This fearsome marine reptile could measure up to six meters and had an “imposing jaw and teeth.”

That Lorraine once resembled the Bahamas may seem… impossible. However, the analysis of fossils found almost 40 years ago proves that the French department did, several million years ago, resemble a completely different landscape from today. In 1983, in Montois-la-Montagne, near Joeuf, exceptional fossils were discovered, revealing the remains of a formidable marine reptile known as… Lorrainosaurus (in honor of the region in which it was found). If the discovery dates back a few decades, a recent report in the journal Nature tells us more about the precise identity of the animal, which was a “murderer of the seas”, according to scientists.

This pliosaur, a marine predator from the dinosaur era, measured up to six meters long, enough to make today’s sharks pale in comparison. Dating back 170 million years, this predator has been on display since its discovery at the Luxembourg National Museum of Natural History. According to Ben Thuy, paleontologist from the Luxembourg Natural History Museum, interviewed by France Bleu, the in-depth study of the fossils reveals unique characteristics of Lorrainosaurus: “It hunted other large animals, a deduction that can be do by observing its imposing jaw and teeth, designed to capture large prey.”

According to the specialist site Livescience, pliosaurs fed, among other things, on sharks, sea turtles and other plesiosaurs. Its immense jaws allowed it to devour all kinds of prey.

Lorraine itself, at the time of Lorrainosaurus, was “a kind of subtropical archipelago”, according to him.
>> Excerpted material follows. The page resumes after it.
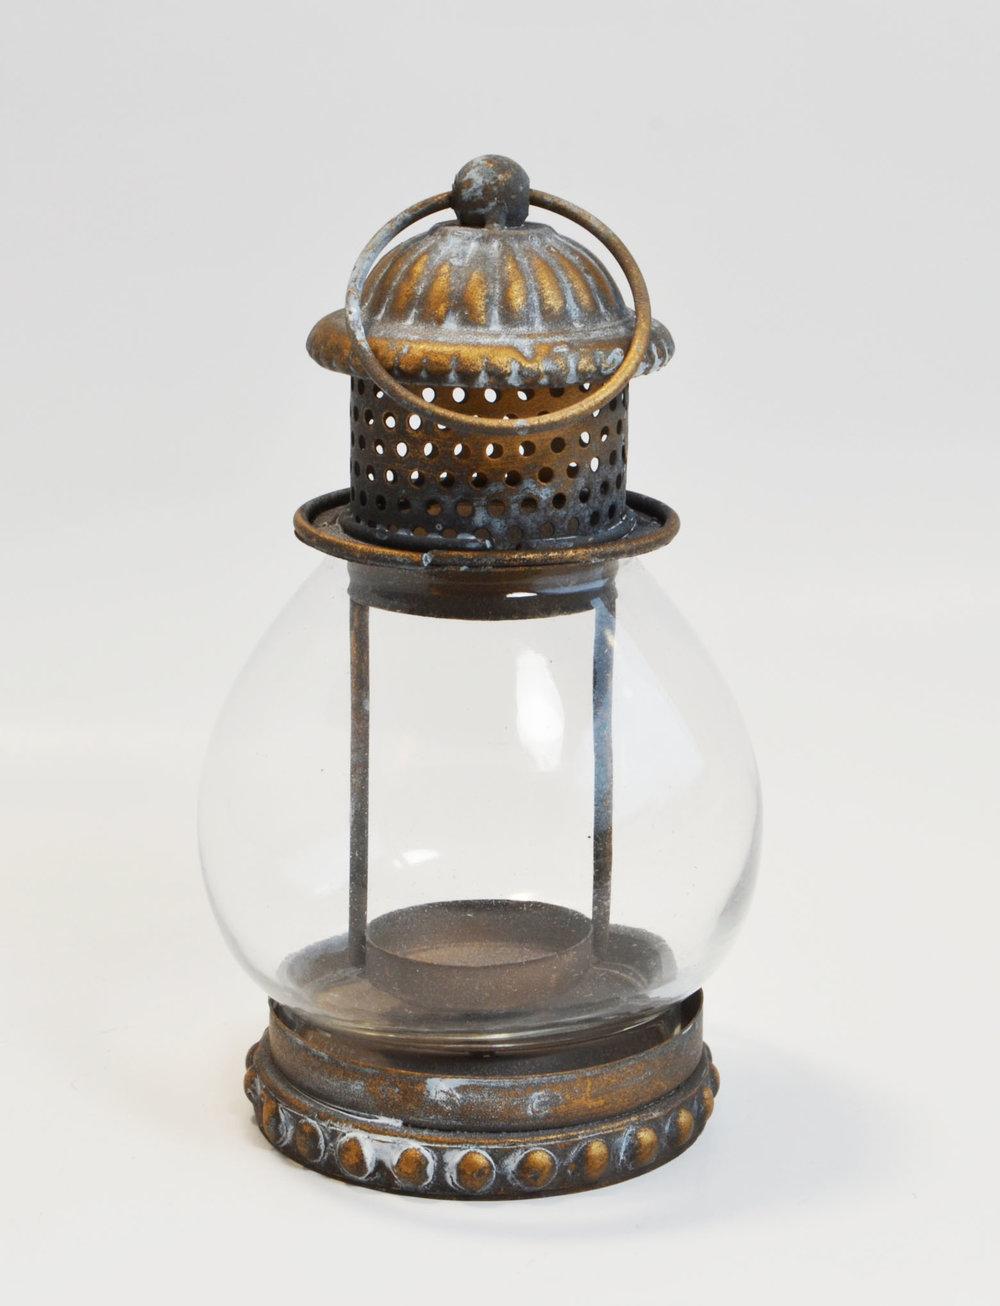 mini copper Lantern   rustic bronzed copper  Quantity: 82  Price: $5.50
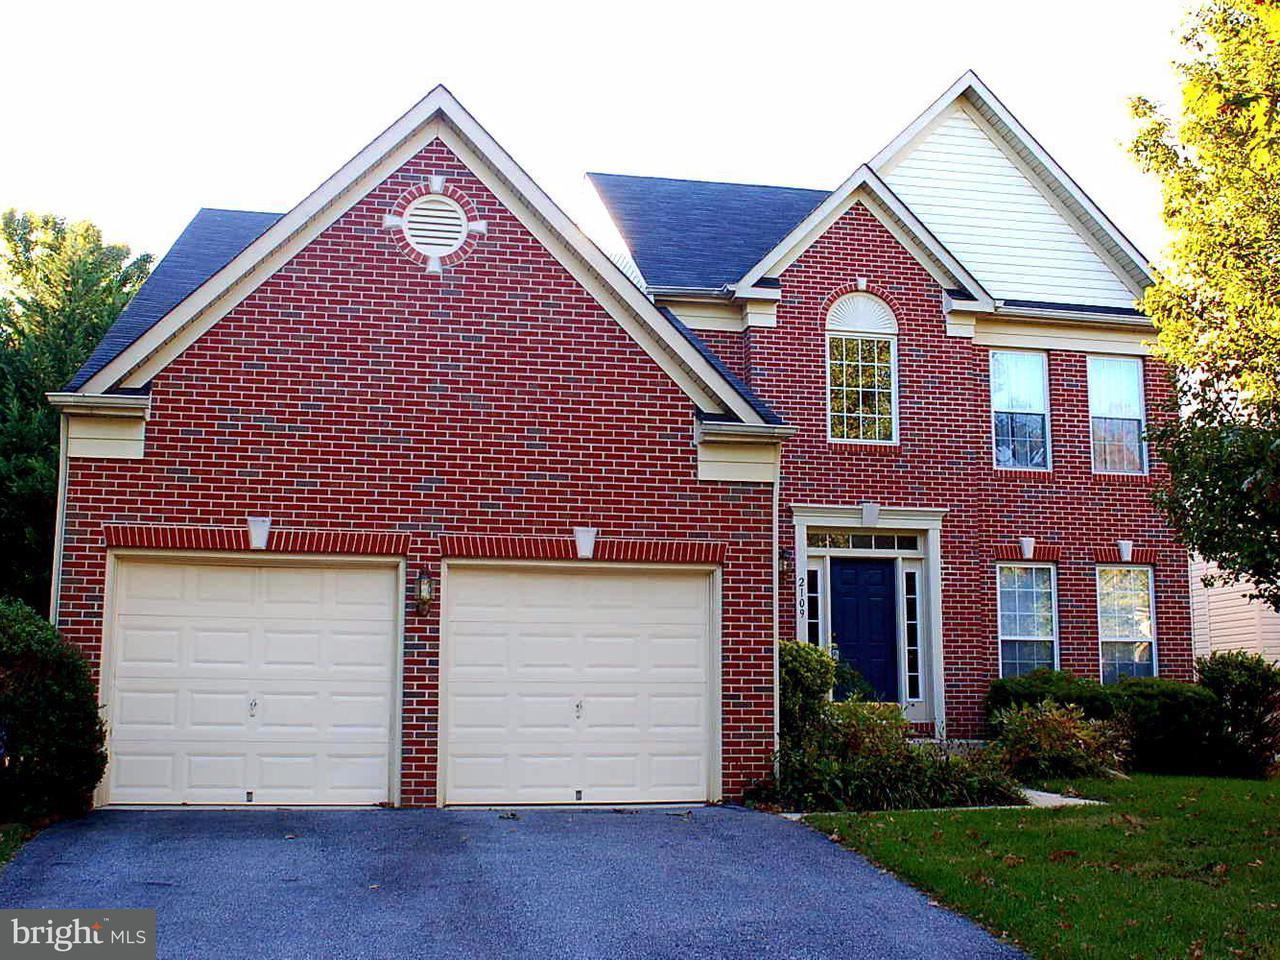 Maison unifamiliale pour l Vente à 2109 ABBOTT WAY 2109 ABBOTT WAY Woodstock, Maryland 21163 États-Unis

Evolving in a shallow sea which covered almost all of Jurassic France, with the exception of the Armorican Massif, the Ardennes and the Massif Central, the climate of the region was equivalent to that of… the present-day Bahamas. A surreal picture of a warm sea with coral reefs, today difficult to imagine when we think of Lorraine as we know it.

Although the Lorrainosaurus is a rare specimen, according to the researchers, the idea of ??discovering other similar fossils in other regions is not excluded. Experts say these gigantic marine reptiles traveled vast distances in search of prey, which could pave the way for new discoveries in Britain, Germany, Poland or even Madagascar, where rocks from the same era can be found.